Here’s a hint: it’s in the U.S. (I know, that one’s obvious…).
The answer: New Jersey. Southern Jersey, to be a bit more precise. As in, the area between Philly and the Jersey Shore points, which is more commonly known as the area that most Philly natives pass through slowly in traffic jams on their way to the shore to enjoy a weekend of Summer sun before trudging back to work on the following Monday.
Yes, for real.
The interesting thing about the Outer Coastal Plain (OCP), is that some of the dry red wines being made there just might be the next best-kept secret in South Jersey after their awesome roadside BBQ joints (whoops – was I not supposed to give that last one away?).

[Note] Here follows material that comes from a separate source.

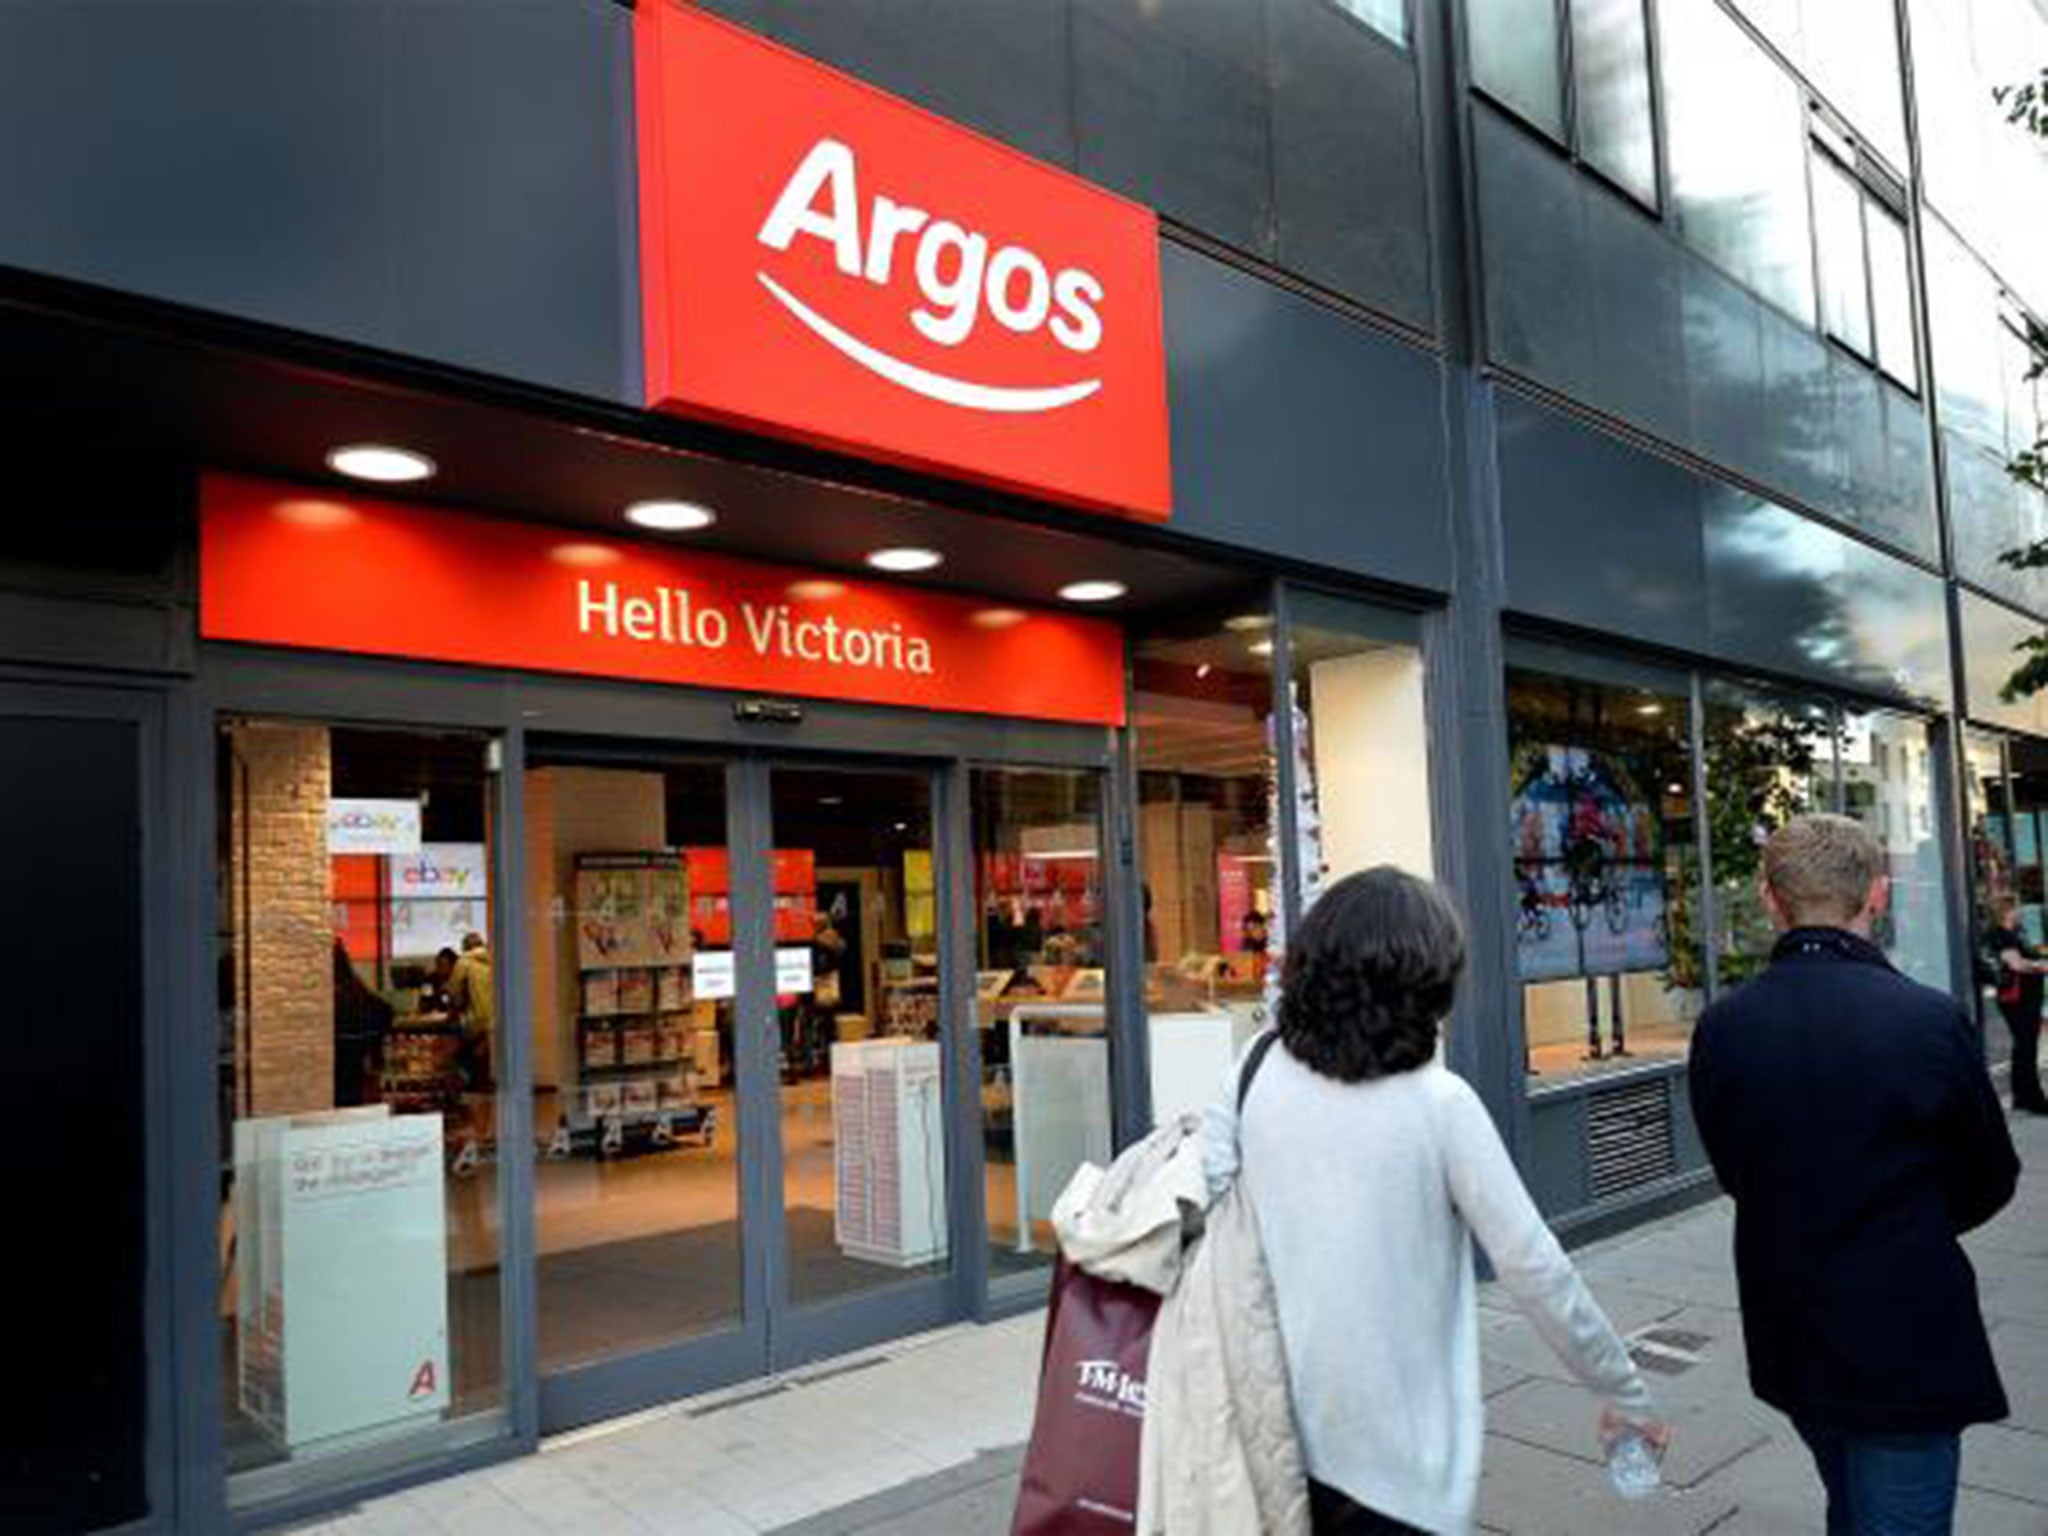 The deal should be completed in the third quarter of the year and might lead to the closure of up to 200 Argos store

Similar to the Finger Lakes, the OCP has also made some high-quality, ripe, European-style red wines in a cooler climate, especially in the relatively hot 2007 vintage. Yeah – I was as surprised
as you are.
As one winemaker in the OCP showed me, if you take a map of the Bordeaux winemaking region and flip it upside down, it’s a mirror-image of the Delaware Bay area that houses the OCP. Which may mean nothing when it comes to OCP wines, or may mean everything, depending on your point of view. Certainly the wines I tried recently from the AVA that were modeled after European / Bordeaux blends showed a lot of promise, though the winemakers in the region tend to get a bit too oak-happy for my tastes. In any case, the fruit for their reds is much riper than you’d first expect, with the Cabernet Franc showing the most personality, spiciness, and raw quality potential.
Another lesson in not writing off cool-climate reds (and maybe an incentive for those Shore-bound Philly folk to take a short detour from the Summer traffic jams to buy a bottle or two to savor over the weekend at their shore houses…).